IT Home reported on February 21 that normally, 1 qubit (qubits) corresponds to 1 quantum state (quantum state), but scientists have recently found a way to ultra-dense quantum computers1 quantum state can be stored on 16 antimony atoms.
Researchers at the University of New South Wales (UNSW) in Sydney have demonstrated that antimony (SB) atoms can possess 16 quantum states at the same time.
The antimony atom itself has 8 quantum states, in addition to its electrons providing an additional 2 quantum states, and by superimposing the antimony atom and antimony electrons, a total of 16 quantum states can be generated, which is like the 3D NAND of the future, where each cell can write 16 bits of data.

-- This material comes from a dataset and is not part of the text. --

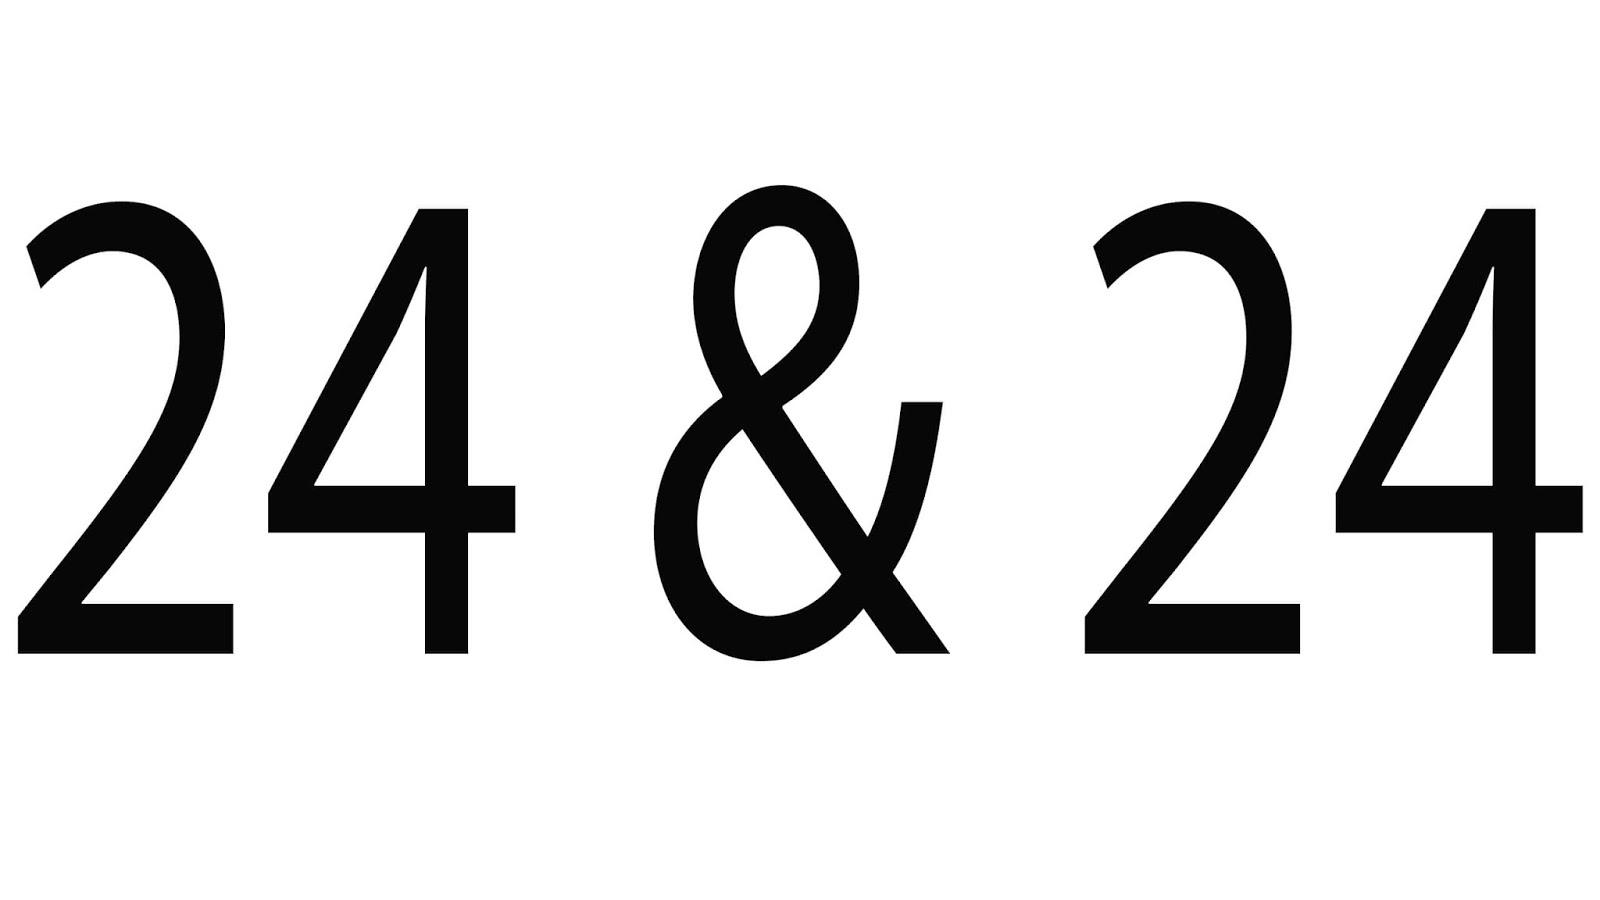 24 LÀ NGUYÊN TỐ GÌ? BẢNG NGUYÊN TỐ HÓA HỌC ĐẦY ĐỦ

Scientists also say that the quantum states of antimony atoms and electrons can be controlled in four different ways, thereby improving the efficiency of qubits. Scientists say that the quantum state of antimony electrons can be controlled by magnetic field oscillation, and the rotation of antimony atoms can be controlled by magnetic resonance or electric fields.
Professor Andrea Morero, the first author of the study, said:
Our research topics are more complex and relatively slow, but they have the advantage of extreme information density.
There are 25 million atoms per square millimeter, and we have to control them one by one. The ability to accomplish this with magnetic, electric, or any combination of the two will open up many possibilities for us to leverage them as we scale our systems.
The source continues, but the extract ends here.